Entries provided:
☆ ☆ ☆ ☆
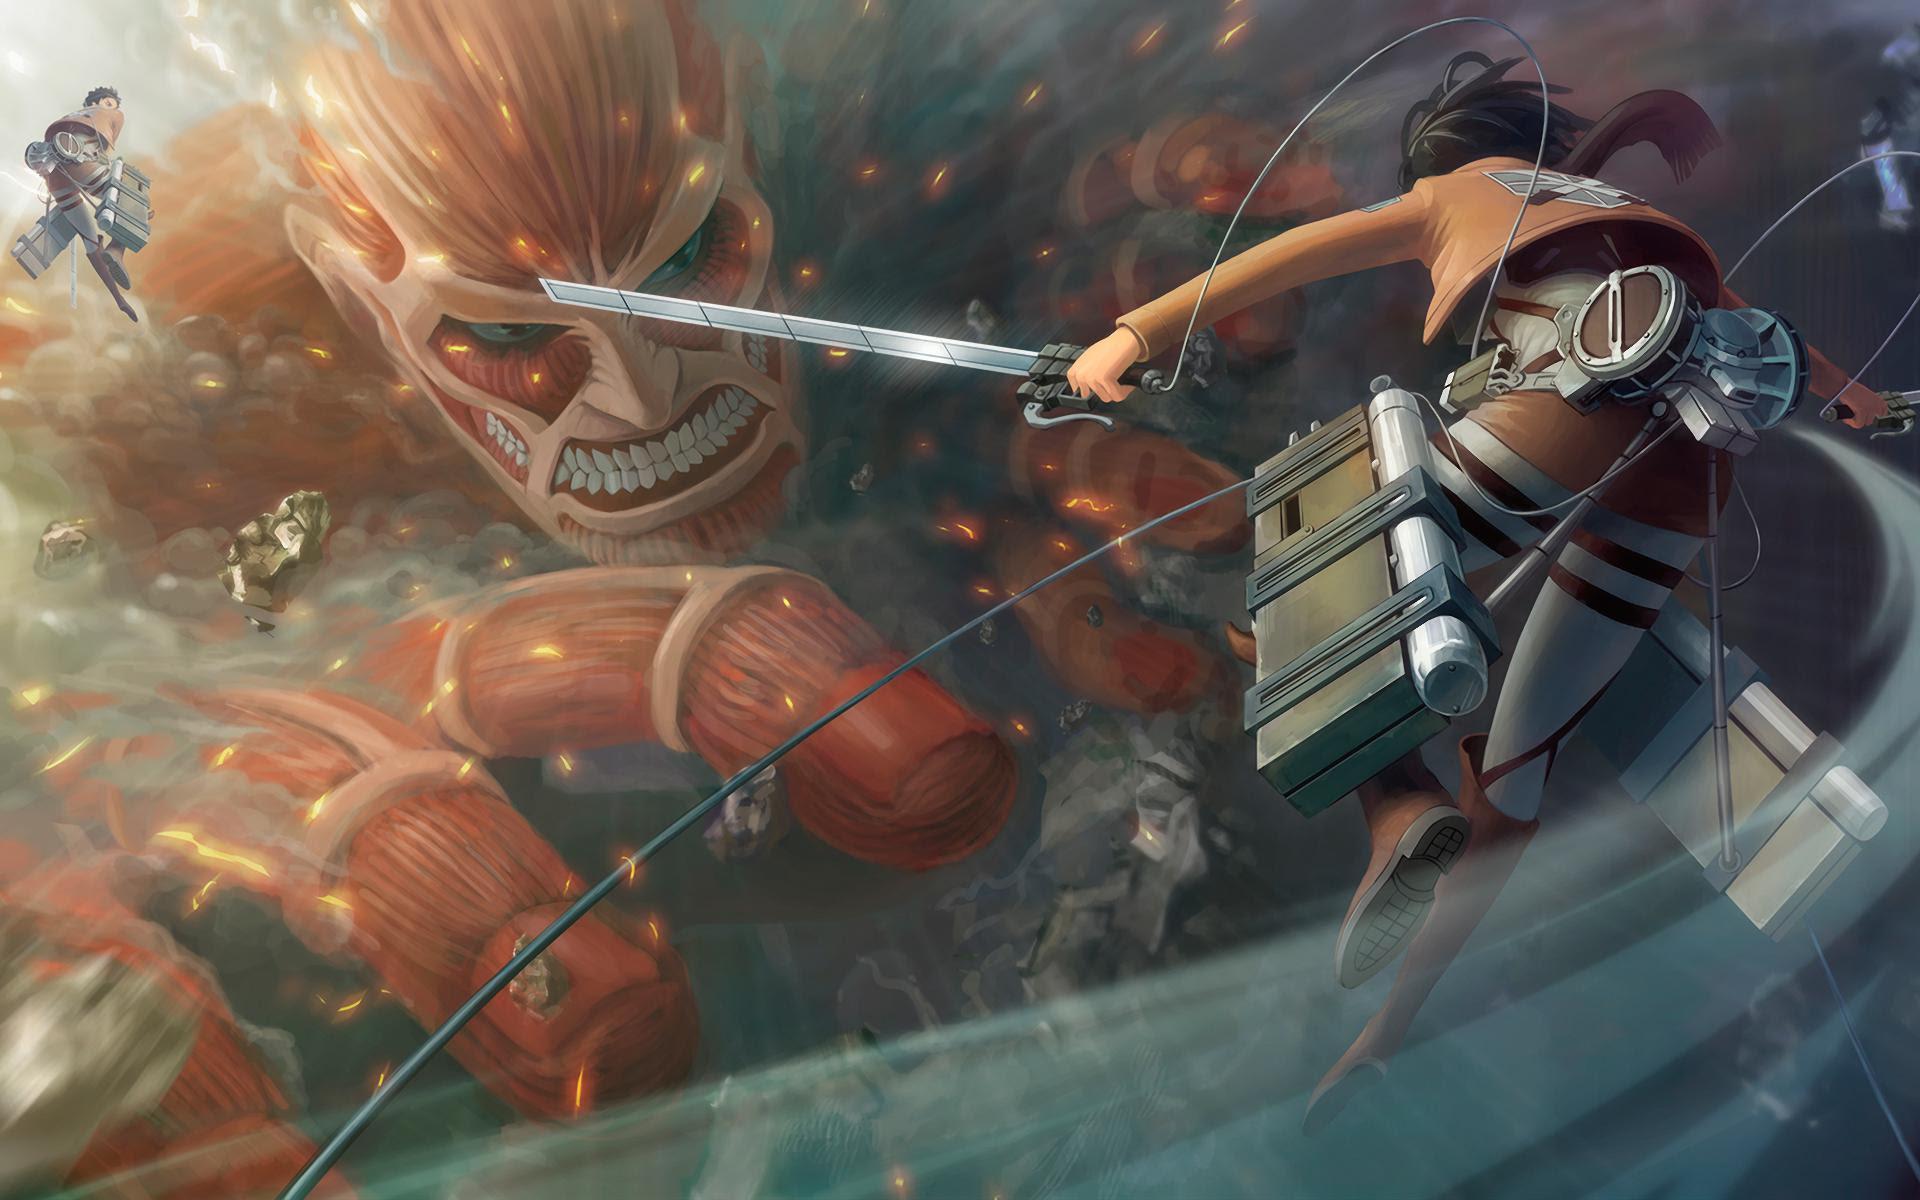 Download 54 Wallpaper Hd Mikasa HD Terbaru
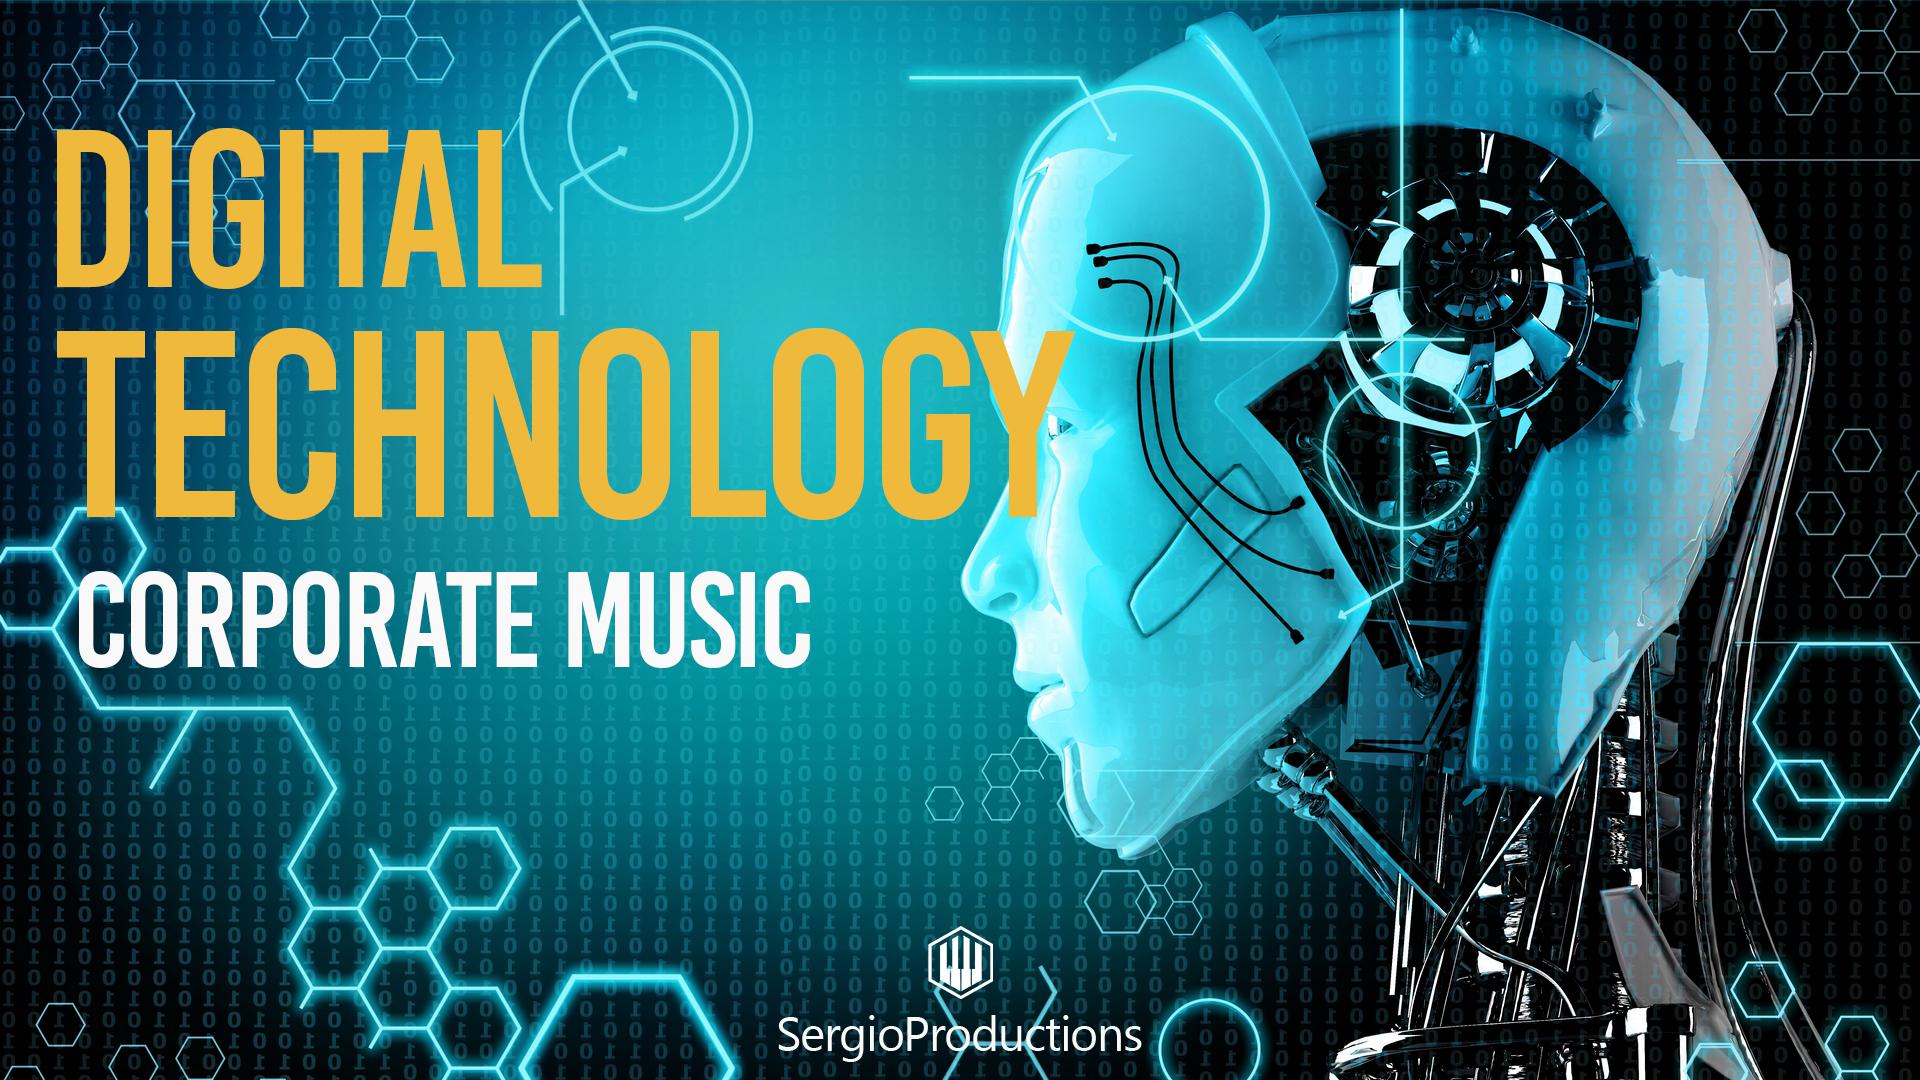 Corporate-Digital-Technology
☆ ☆ ☆ ☆
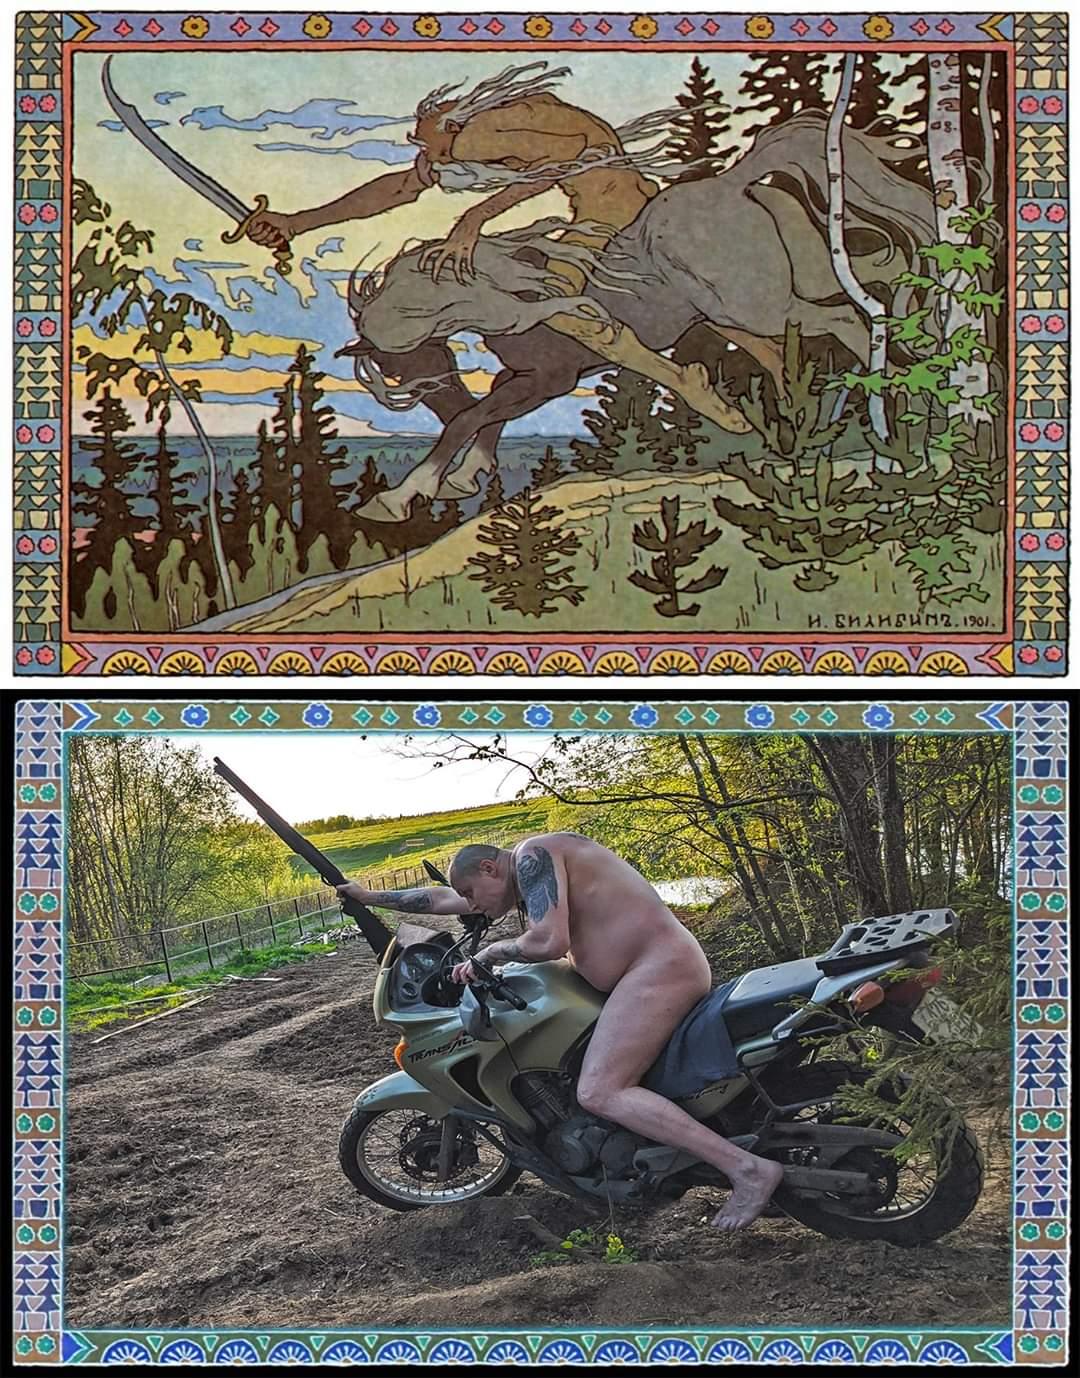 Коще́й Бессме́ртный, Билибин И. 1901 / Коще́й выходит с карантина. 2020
☆ ☆ ☆ ☆
Pictures excluded, reproduce only the part above that opens with the line holding "Download 54 Wallpaper Hd Mikasa HD Terbaru" and closes with the line holding "Corporate-Digital-Technology", exactly as written.

 Download 54 Wallpaper Hd Mikasa HD Terbaru
 Corporate-Digital-Technology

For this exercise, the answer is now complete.